El mito es en ella lo que ella a El Pavo, un algo inexorable, una sonrisa inefable que los hombres aceptan con cierta alegría.
Cuando la noche avanza en su manto de tristeza, viejas amistades se van encontrando en la confidencia de los tragos, amores envejecidos que se desencuentran en la rancia taberna de amores estudiantiles, y oxidadas compañías que se encuentran en la naturalidad de la vida que acaece, en suerte, por suerte, con ellos, o a pesar de ellos.
El Pavo ha sido testimonio de la misma noche, que se repite noche tras noche, hace más de 30 años, en el que sus clientes, por una suerte de devenir maldito, sus viejos clientes, aburguesados, con vidas armadas hasta los dientes: mujeres trofeo, hombres papeleta, carros a cuesta con sus gasolinas, varadas y miserias… vuelven a los viejos sitios en donde se puede uno dar el alegre gusto de perder el tiempo y la noción del espacio.
Ese es un derecho que sólo se permite cierta finura, de esa despreocupada por la realidad del mundo, incapaz de absorberse a la lógica del mercado, los pañales, los arriendos y las obligaciones sociales.
Puede estar en todo el centro de la ciudad, pero El Pavo permite desembarazarse de la realidad.
Ayuda a profundizar su esencia la curiosa fauna humana que uno se encuentra allí: mujeres tatuadas encantadoras, viejos abogados que cobran fortunas afuera y allí dan cátedra gratis a sus eventuales contertulios; brillantes maestros ensimismados en la cobardía de sus mesas, con un pavo guerrillero que debe ser liberal, porque le cuida las espaldas a todos los que se encuentran allí: libertinos, librepensadores, o simplemente libres.
La noche cabildea.
Entre tangos de inmarcesible comprensión y rubias despatarradas, los alegres asistentes sientan posturas políticas, filosóficas, éticas y cívicas que acurrucan la noche con su dejo de azar.
Llegan vendedores de todos los colores y sabores, personajes atípicos, esperados, memorables, jocosos, con una sonrisa en la boca, con dientes flojos, partidos, o en su defecto ausentes.
Vistas alegres, bigotes enchochados, ropas peculiares, curiosos ademanes, cuerpos especiales, cabellos despeinados… llega el negro de las cucas, el joven de las empanadas, de las papas sonrientes, alegre muchacho que llena de alegría, grasa y empanada los estómagos de los caballeros desesperados, y de las damas, que, pese a los tragos encima, se niegan a perder el dejo mujeril de los buenos gestos y de las servilletas bien dispuestas.
Pero hace falta el humo que engalanaba la sutil decadencia del espacio de hace años. La noche avanza en su bocanada salvaje.
Aparece ella, con la fuerza vital que inspira su pequeño entorno.

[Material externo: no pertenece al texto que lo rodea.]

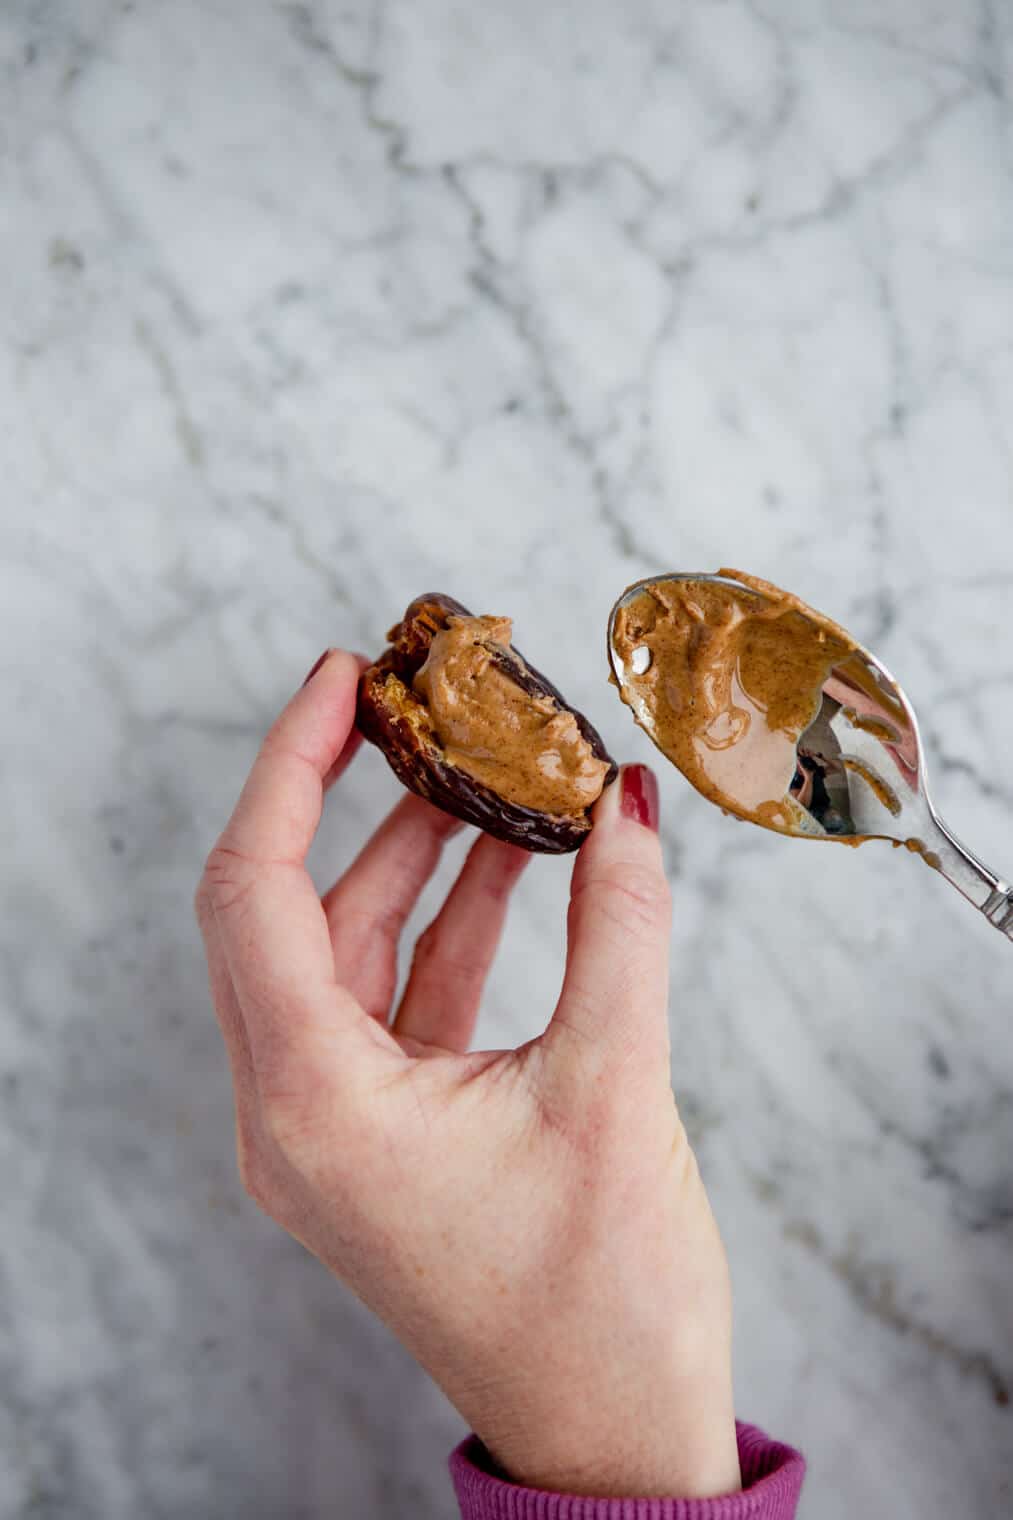 One hand holding pitted date filled with almond butter, other hand holding a spoon with almond butter.

Es dueña en suerte de una chaza a las afueras del local donde los embriagados de la noche se suspenden al suspirar de cigarrillos. Tiene los dientes que le quedan en sitios precisos, una gorra querida que la identifica en la distancia con sus colores escandalosos, se acomoda entre las piernas de los asistentes, está llena de miradas pícaras a los notables caballeros que desangran su existencia en alcohol, sucumbe al soplo del cigarrillo que toma con descarada finura, cada noche tiene una ropa precisa, rigurosa, insistente.
La gorra de dos colores, azul y rosado, el saco rosado, el blue jean y los tenis.
Los hombres salen en fila para comprar una menta o el cigarrillo, espacio precioso que ella aprovecha para apalabrar el mundo al calor de la candela. Habla de todo, pero no habla de nada, nunca cuenta de sí misma más que lo requerido para pasar a temas diversos. En sí misma es un mito, una mitología: a su alrededor se cuenta la historia de un marido al que maltrataba y finalmente mató, aunque otra versión cuenta que murió de un pálido y simple tumor cerebral.
No importa.
El mito es en ella lo que ella a El Pavo, un algo inexorable, una sonrisa inefable que los hombres aceptan con cierta alegría. Coquetea con cada uno a su manera, con las palabras, los eufemismos, con la sonrisa pícara, con el cabello y sus gestos, con el cuerpo que se acerca, mientras los hombres, sutilmente, le alejan a su modo, con una sonrisa que se aleja, con un cuerpo que se retira, con un abrazo amistoso que anuncia la amigable partida.
Ella no sucumbe a la batalla, cada borracho representa una guerra distinta, una forma de amor diferente, un entramado de seducciones diferenciables. El pavo sigue, no muere, la imagen guerrillera del fondo sigue cuidando a los asistentes al aquelarre de la noche diaria, los asistentes siguen llegando y yendo, volviendo pese a los años, regresando pese a la alcurnia.
La mujer seguirá allí, siendo mito, escalofrío y consuelo de los que apenas descansan en el sueño etílico después de las seis.